Your goal »
Without including any pictures, reproduce the full listing exactly.

[Exercise data — start]

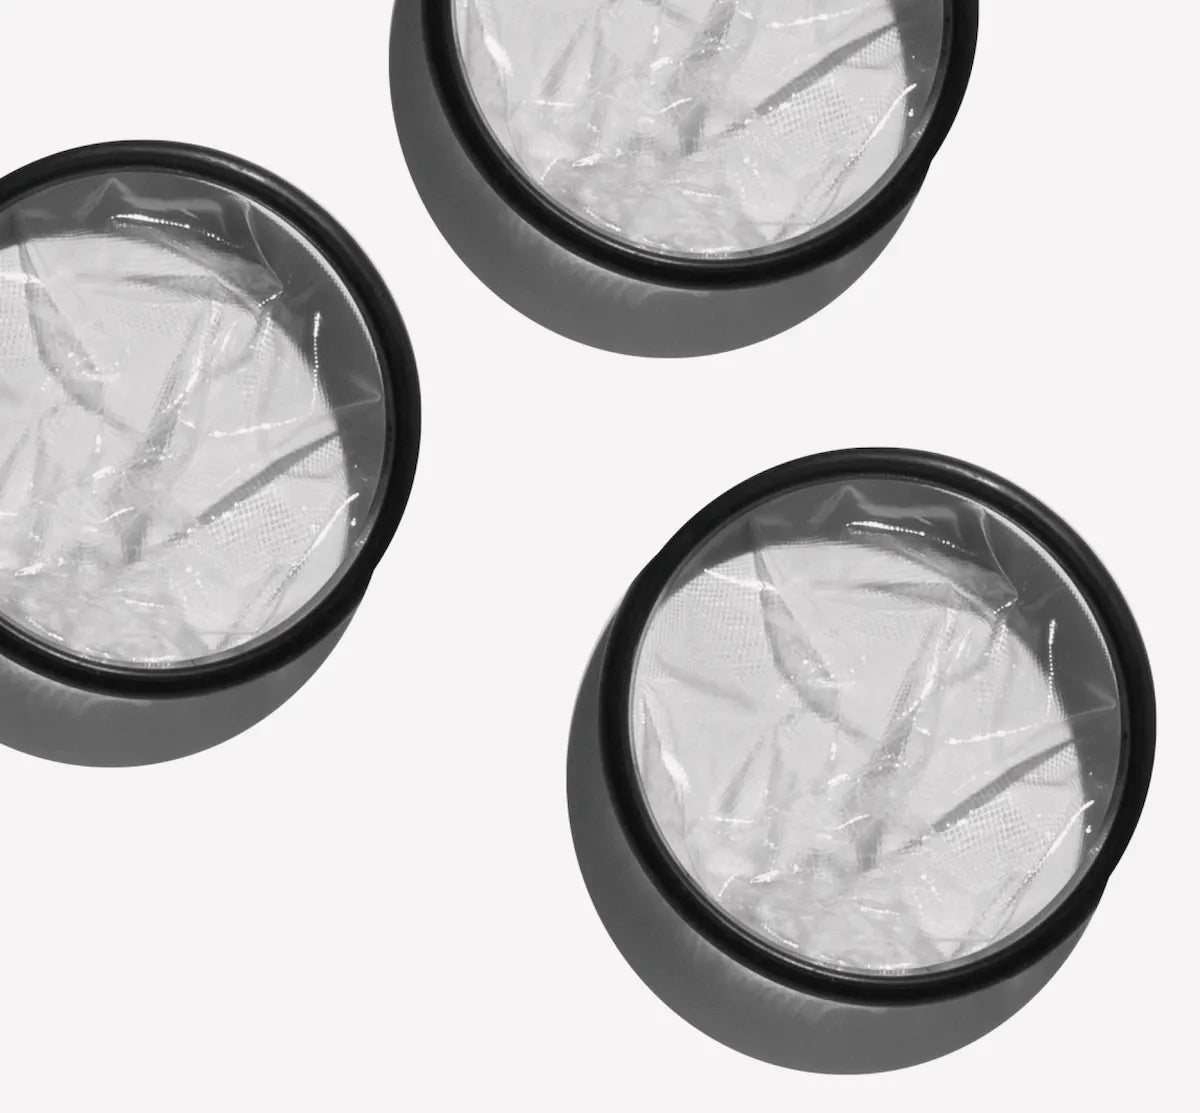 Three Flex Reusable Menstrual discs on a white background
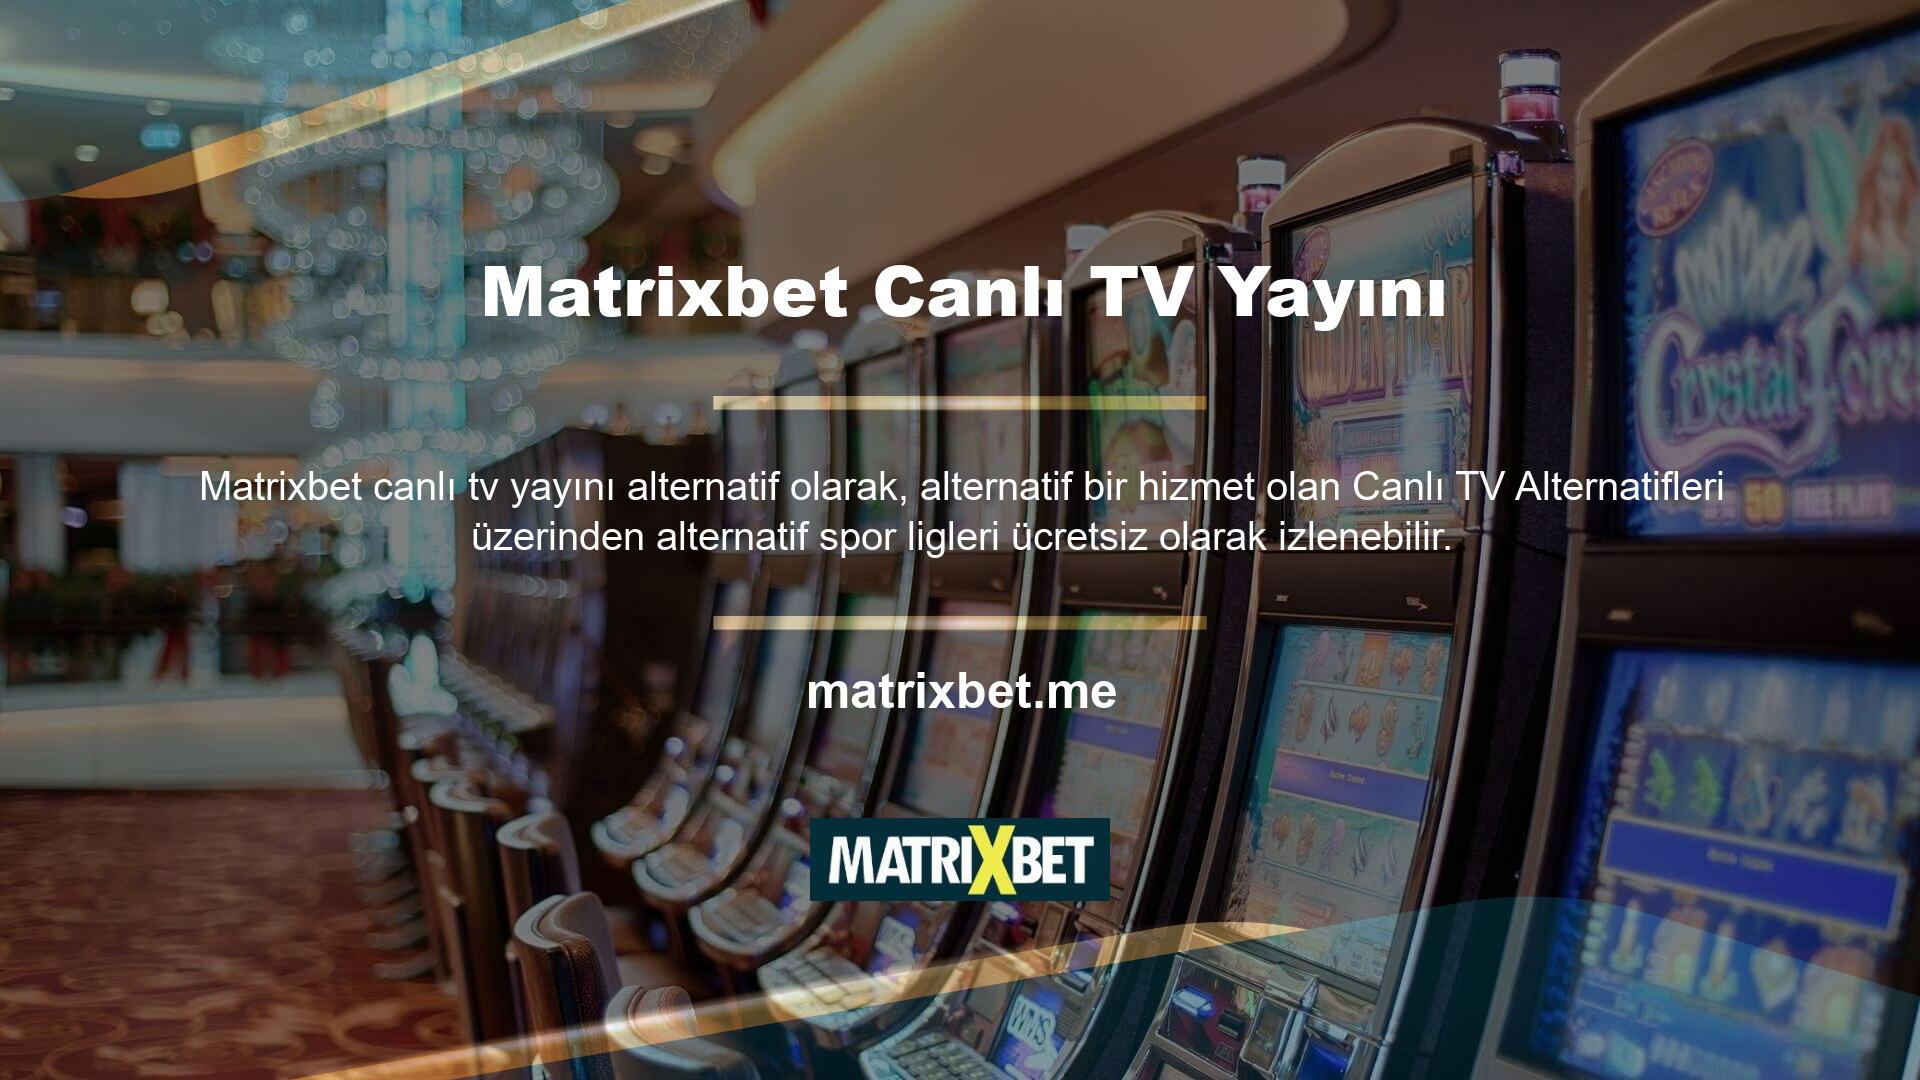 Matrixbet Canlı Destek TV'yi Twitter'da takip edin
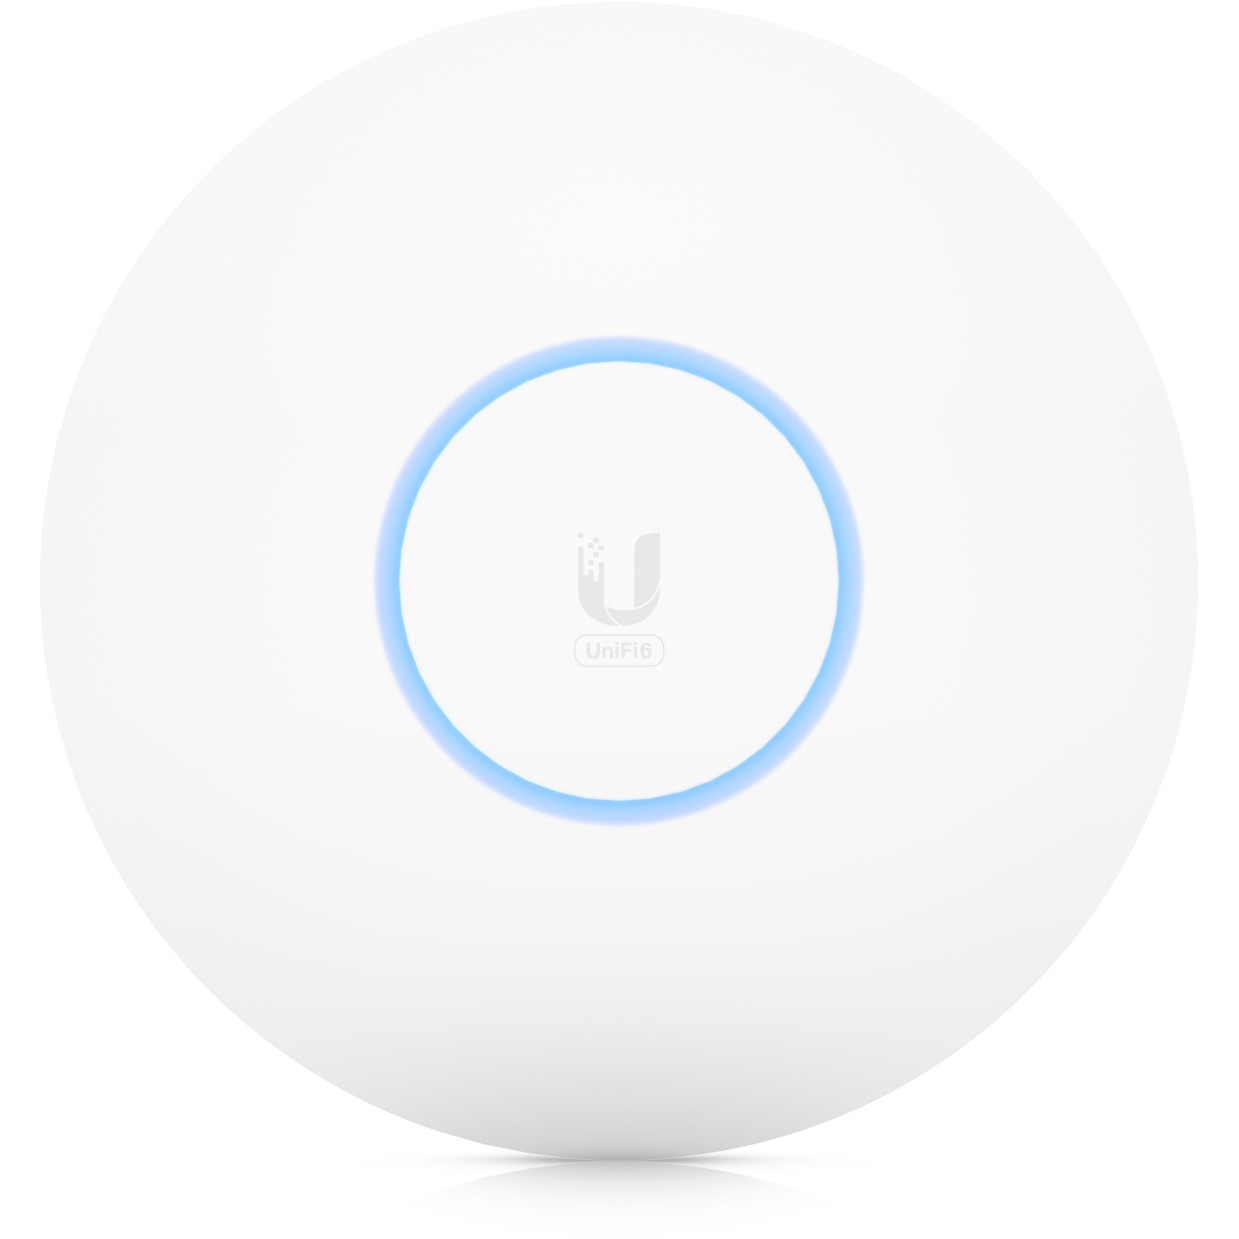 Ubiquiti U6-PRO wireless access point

[Exercise data — finish]

Written solution »
 Three Flex Reusable Menstrual discs on a white background
 Matrixbet Canlı Destek TV'yi Twitter'da takip edin
 Ubiquiti U6-PRO wireless access point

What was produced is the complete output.